An old theme of his. Carpe diem . She raised her glass and said solemnly, “To living again.”

She saw the slight shift in his expression. Relief and, beyond it, something more intense.

He refilled her glass. “Concerning which, the dress is fabulous. You look beautiful.”

“Thank you.”

They held each other’s gaze until there was nothing to do but go toward each other and kiss. They kissed again. His hand was lightly on the small of her back and he did not move it down across her thigh as he used to do. He was taking this in stages, and his delicacy touched her. If a grand musical and social obligation had not been laid upon them, she did not doubt where this release would have led them. But her sheet music was behind her on the couch and their duty was to stay fully dressed. So they drew together tightly and kissed once more, then separated, picked up their glasses, touched them in silence and drank.

He sealed up the champagne with a cunning springed device she had given him many Christmases ago. “For later,” he said, and they laughed.

They fetched their coats and went out. To steady herself on her heels, she walked to the hall on her husband’s arm, under his umbrella, which he gallantly held above her head and not his own.

“You’re the performer,” he said. “You’re the one with the silk dress.”
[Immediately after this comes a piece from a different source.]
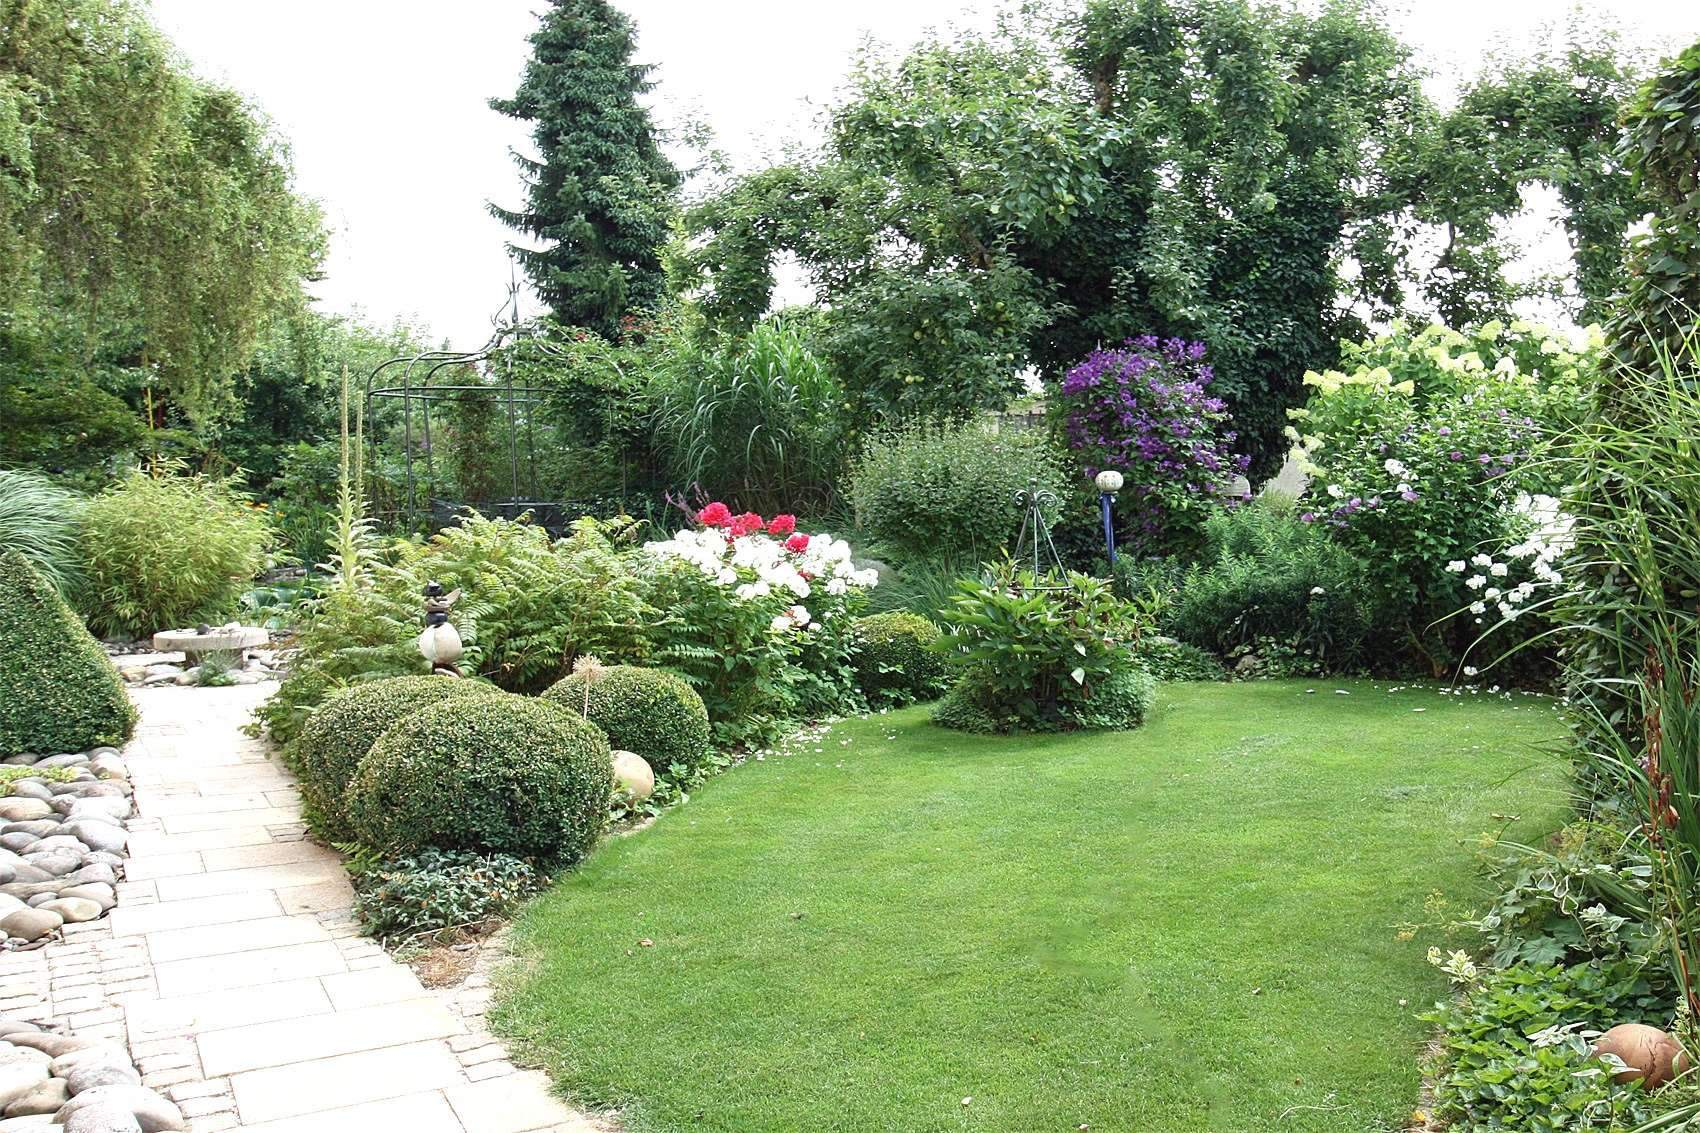 Garten Anlegen Kosten Genial 31 Das Beste Von Garten Anlegen Kosten Luxus

A roar of small talk and laughter announced a crowd of a hundred and fifty or so, standing about with glasses of wine. The chairs were set out but no one was sitting yet; the Fazioli and a music stand were in position onstage. Members of Gray’s, benchers, most of her professional and social life gathered in one place. For more than thirty years she had worked with and against dozens of people she could see. Various eminences, many from outside, from Lincoln’s or Inner or Middle Temple—the Lord Chief Justice himself, some from the Court of Appeal, two Supreme Court justices, the attorney general, a score of well-known barristers. The executives of the law, who settled fates and deprived citizens of their liberty, had a developed sense of humor and a passion for shoptalk. The sound was deafening. Within minutes, she and Jack had lost sight of each other. Someone came up and wanted help from him with some Latin. She was drawn into a circle of gossip about an eccentric friend of the Master of the Rolls. She hardly needed to move from where she stood. Friends came up to embrace her and wish her luck, others shook her hand. It had been a masterstroke of Pension, the Gray’s Inn benchers’ committee, to allow the concerts to be preceded by a party. Wine, Fiona hoped, might soften the critical faculties of the Wigmore Hall faction.

When a waiter with a silver tray came by, she was feeling too well to refuse. As she took a glass, Mark Berner appeared in her line of sight, some fifty feet and a hundred people away, wagging a forbidding finger. He was right, of course. She raised her glass to him and took a sip. A friend, a stalwart of the Queen’s Bench, steered her over to meet a “brilliant” barrister who happened to be his nephew. Watched over by the proud uncle, she asked solicitous questions of a thin young man with a pitiful stutter. She was beginning to long for livelier company when an old girlfriend from Middle Temple barged in, hugged her and stole her away to a circle of mutinous young women barristers who told her, though in humorous terms, that they weren’t getting the quality work. It was going to the men.